A variant of this strategy would be to start with two or more networks, each using their own dedicated server, to give people a choice of domains from the start. This would essentially create a similar situation to using the multi-domain plugin offered here, except that users would actually be choosing between different networks (unbeknownst to them).

The advantage of this strategy is NOT putting all the eggs in one basket. Instead of growing one big network and having the related growing pains, this strategy would just consist of creating a new network. If one network fails, only the users on that network are affected.

The disadvantage is that I'll have to install themes, plugins and other modifications multiple times instead of once, but I think the extra work probably wouldn't be any more than the efforts that would be needed to manage the "single basket" strategy above.

#3: Hybrid Combination of #1 and #2

This approach would consist of separate networks...but when each one outgrows its server (or comes close to it), that network is grown into a small cluster. For example, a single-server network might be split off into three servers (database, web, file uploads). And we'd leave it there.

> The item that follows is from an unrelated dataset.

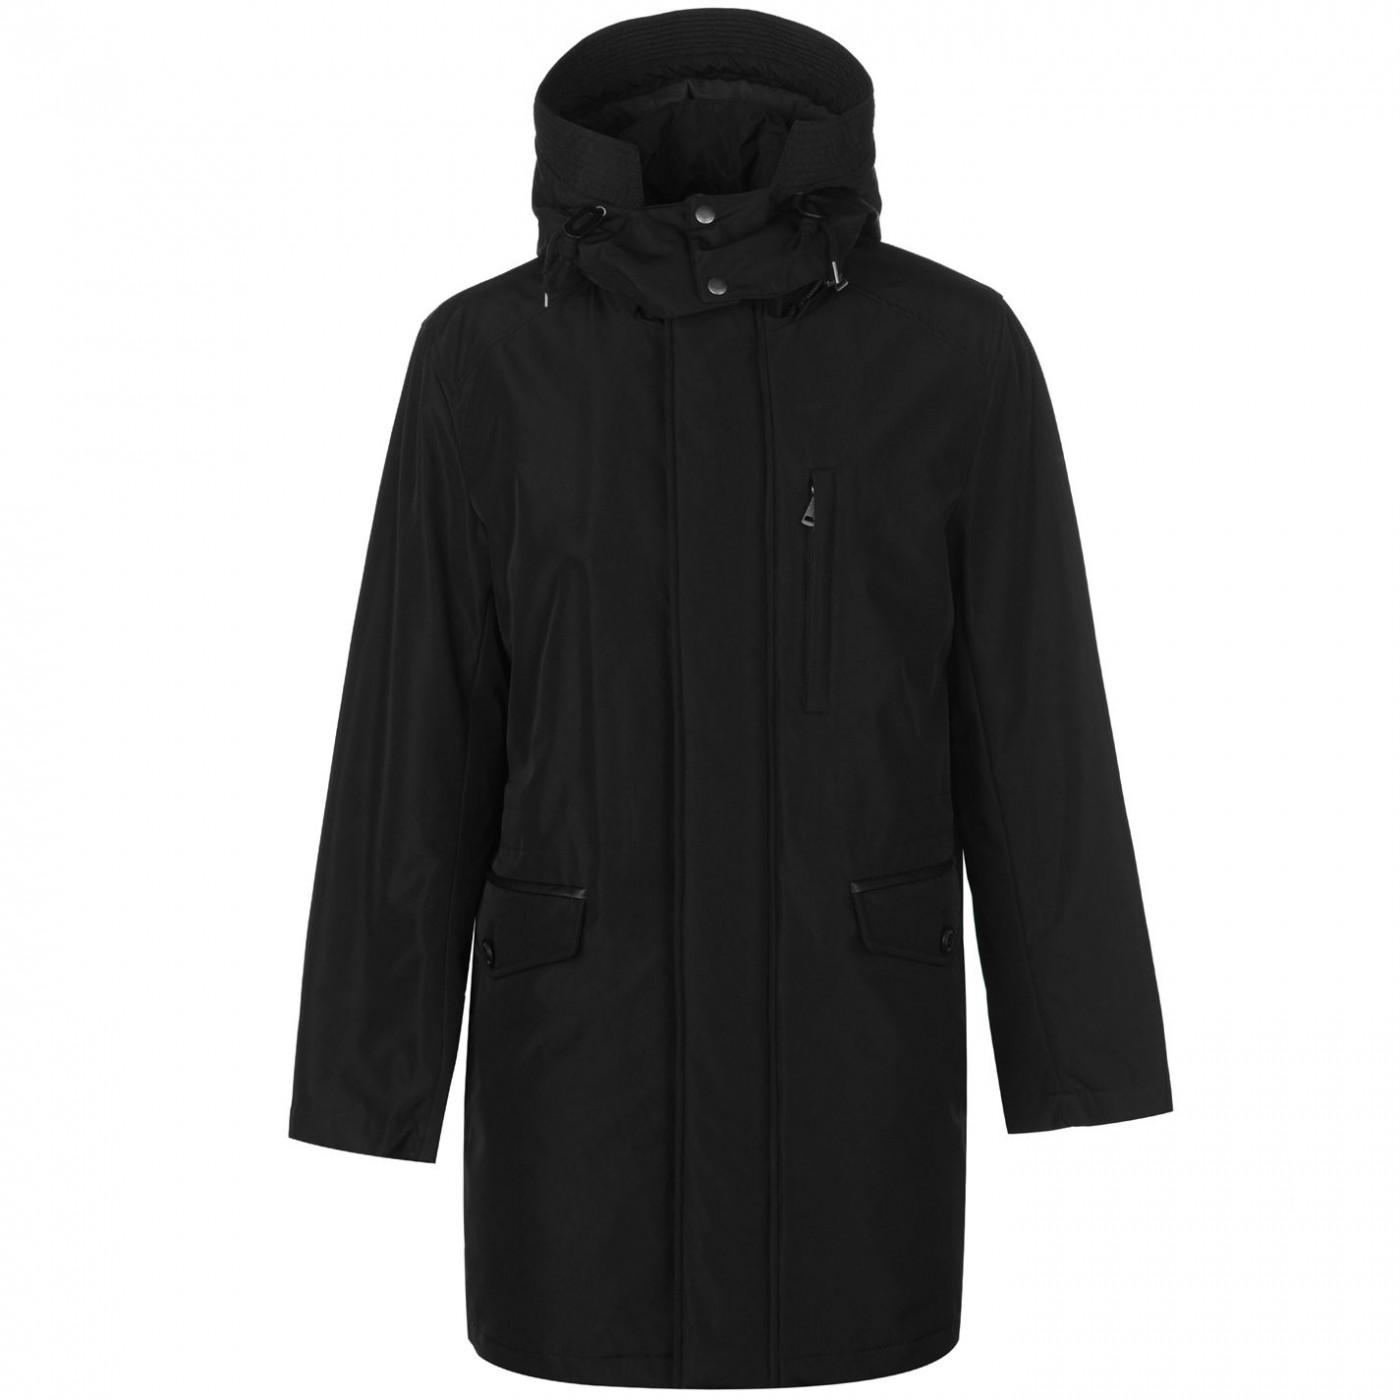 Cole Haan Nylon Parka Jacket Mens
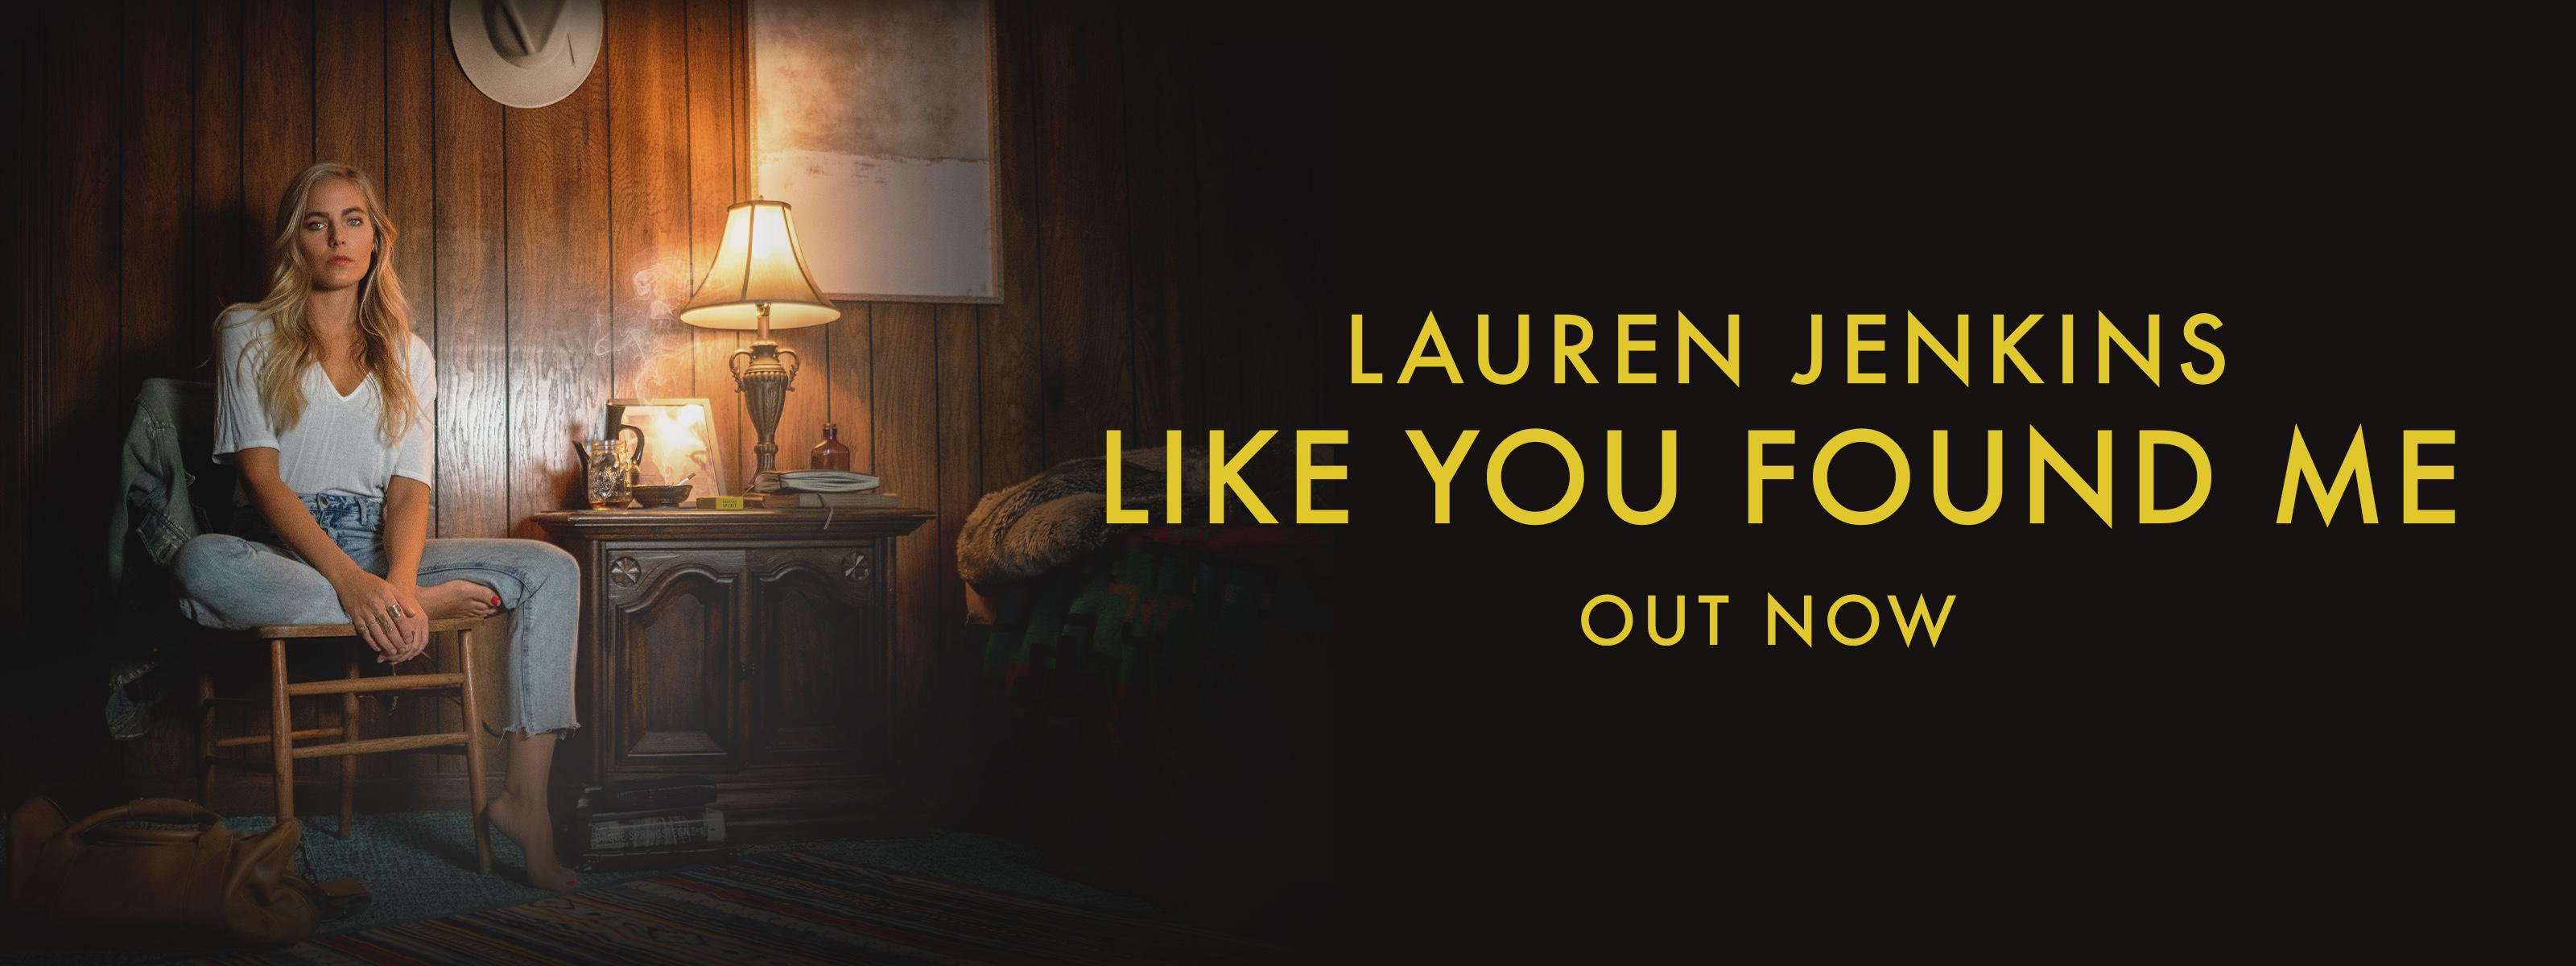 Lauren Jenkins like you found me

Then, when each cluster gets as big as we want it, we bring another new network online.

The advantages of this strategy would be limiting the number of networks (instead of putting a new small one online whenever we need more), while limiting the headaches and risk of putting everything in one huge basket. This would be several smaller baskets, but not lots of tiny ones.

Am I on the right track or barking up the wrong tree entirely? (Woof.) Any thoughts would be greatly appreciated.

Thanks,

Mark

  • bhaun

    wpcdn,

    I am in a similar situation and decided it would be best to scale horizontally. I don't like the amount of administration work necessary to shard (#2) or a hybrid like #3.

    So the network looks something like this:

    [ MASTER ] --- [ SLAVE1 ] -- [ SLAVE2 ] ... [ SLAVE10 ]

    So what I do is have a central copy of all the WPMS data available for each server. I check the code into a revision control server (GIT). When I need a new server I have the SLAVE grab a copy of the code from GIT.

    The users are all directed to the MASTER server for their dashboard (which I am having a problem with). When they login they can publish their user generated content. The MASTER server has a set of scripts based on inotfy that will automatically push that static content to S3. I then use S3 as a origin to a CDN. I rewrote a CDN plugin to create a set of static asset hostname's for all the static content.

    The SLAVE servers are basically read-only slaves of MASTER. They boot as needed and download the latest copy of the code (without the user generated content wp-content).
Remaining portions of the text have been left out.